Bahkan dalam paragraf 4 RUU tersebut mengatur se­cara khusus tindak pidana atas dasar diskriminasi (pasal 252 dan 253). Pasal 252 berbunyi, “Setiap orang yang melakukan pembedaan, pengecualian, pembatasan, atau pemilihan berdasarkan pada ras dan et­nis yang mengakibatkan pen­cabutan atau pengurangan pengakuan, perolehan atau pelaksanaan hak asasi ma­nusia dan kebebasan dasar dalam suatu kesetaraan di bi­dang sipil, politik, ekonomi, sosial, dan budaya dipidana dengan pidana penjara paling lama 1 tahun.”
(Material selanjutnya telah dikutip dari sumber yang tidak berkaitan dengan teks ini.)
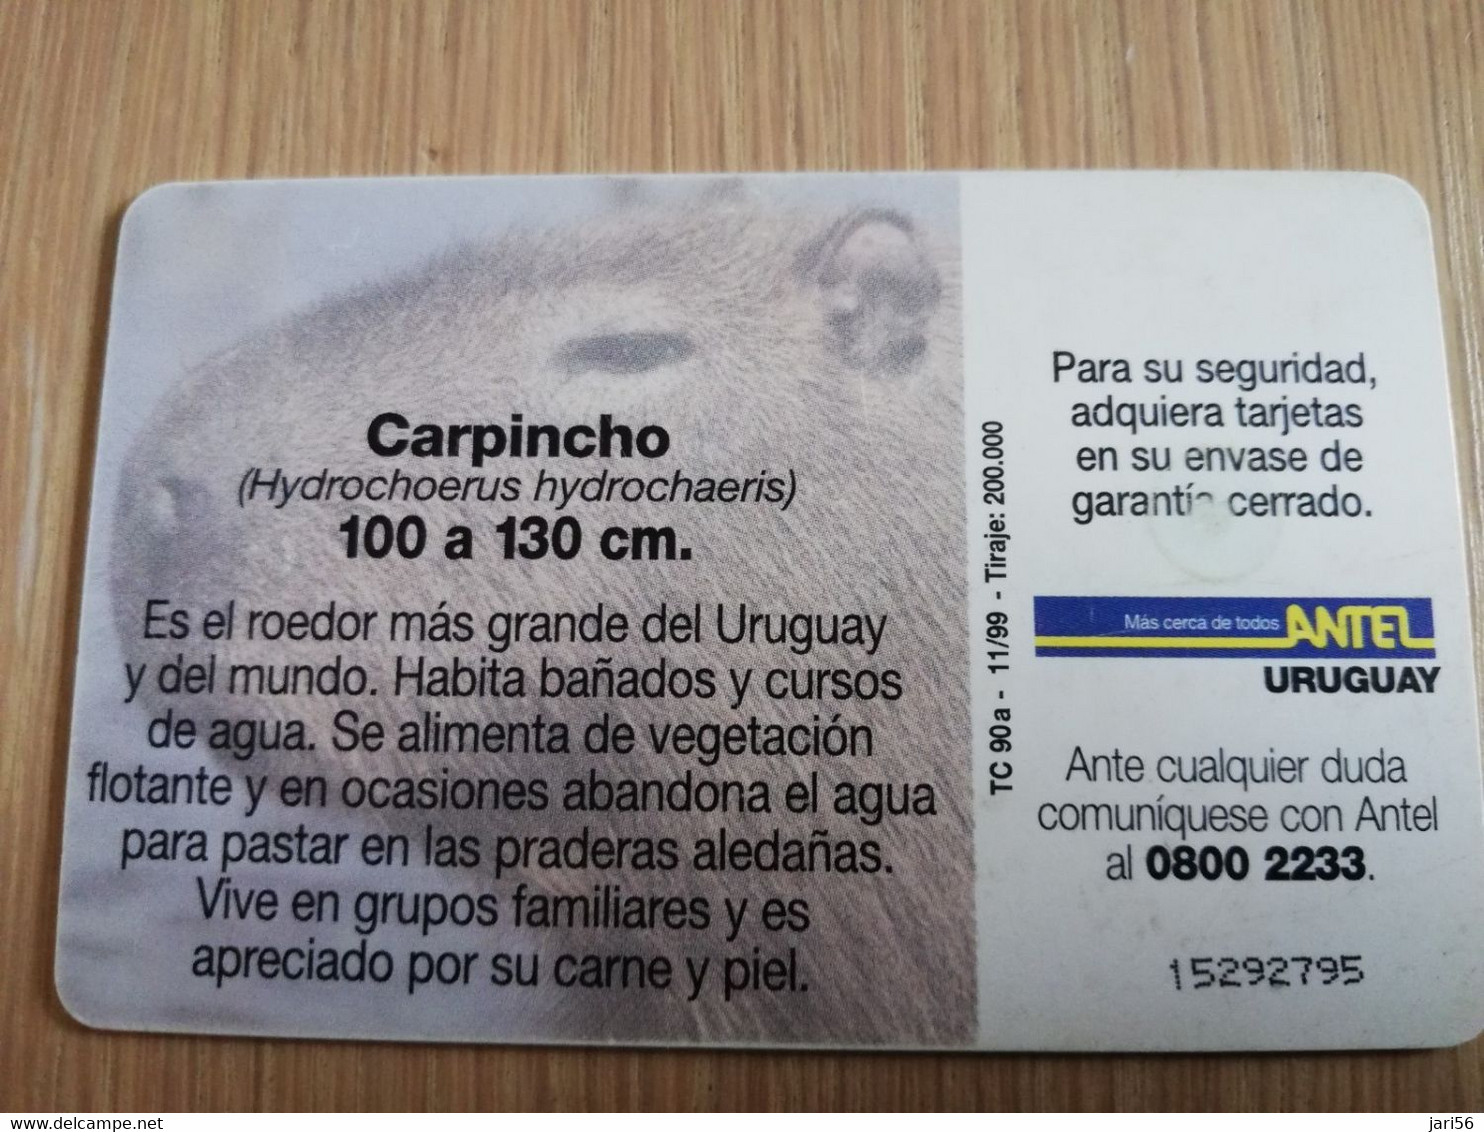 URUGUAY CHIPCARD  ANIMAL    $5  CAPINCHO          Nice Used Card    **4551** - Uruguay

Indonesia menganggap delik diskriminasi ras dan etnis tetap penting untuk di­atur bahkan dalam RUUHP dibuat pasal tersendiri untuk menjamin tak ada konflik dan diskriminasi. Hal ini penting karena Indonesia terdiri dari berbagai suku, agama, etnis, dan ras. Memang, sanksi pi­dana pada delik tersebut untuk lebih bersifat koreksi, rehabili­tasi, dan pemulihan keadaan yang sempat terganggu.

Larangan diskriminasi ras yang telah diatur secara je­las dan tegas dalam berbagai perundang-undangan bertu­juan menghindari perpecahan bangsa yang dapat mengan­cam Kesatuan Negara Repu­blik Indonesia.

Aparat penegak hukum ha­rus bertindak tegas dan tun­tas dalam menangani berbagai konflik diskriminasi ras. Tentu­nya, penegakan harus berdasar paradigma hukum pidana mo­dern. Kini pengusutan tidak lagi hanya menenekankan pembala­san atau pencegahan seperti disampaikan Seneca. Namun, lebih menekankan pada pende­katan korektif, rehabilitatif, serta restoratif demi NKRI berdasar­kan Pancasila dan UUD 1945.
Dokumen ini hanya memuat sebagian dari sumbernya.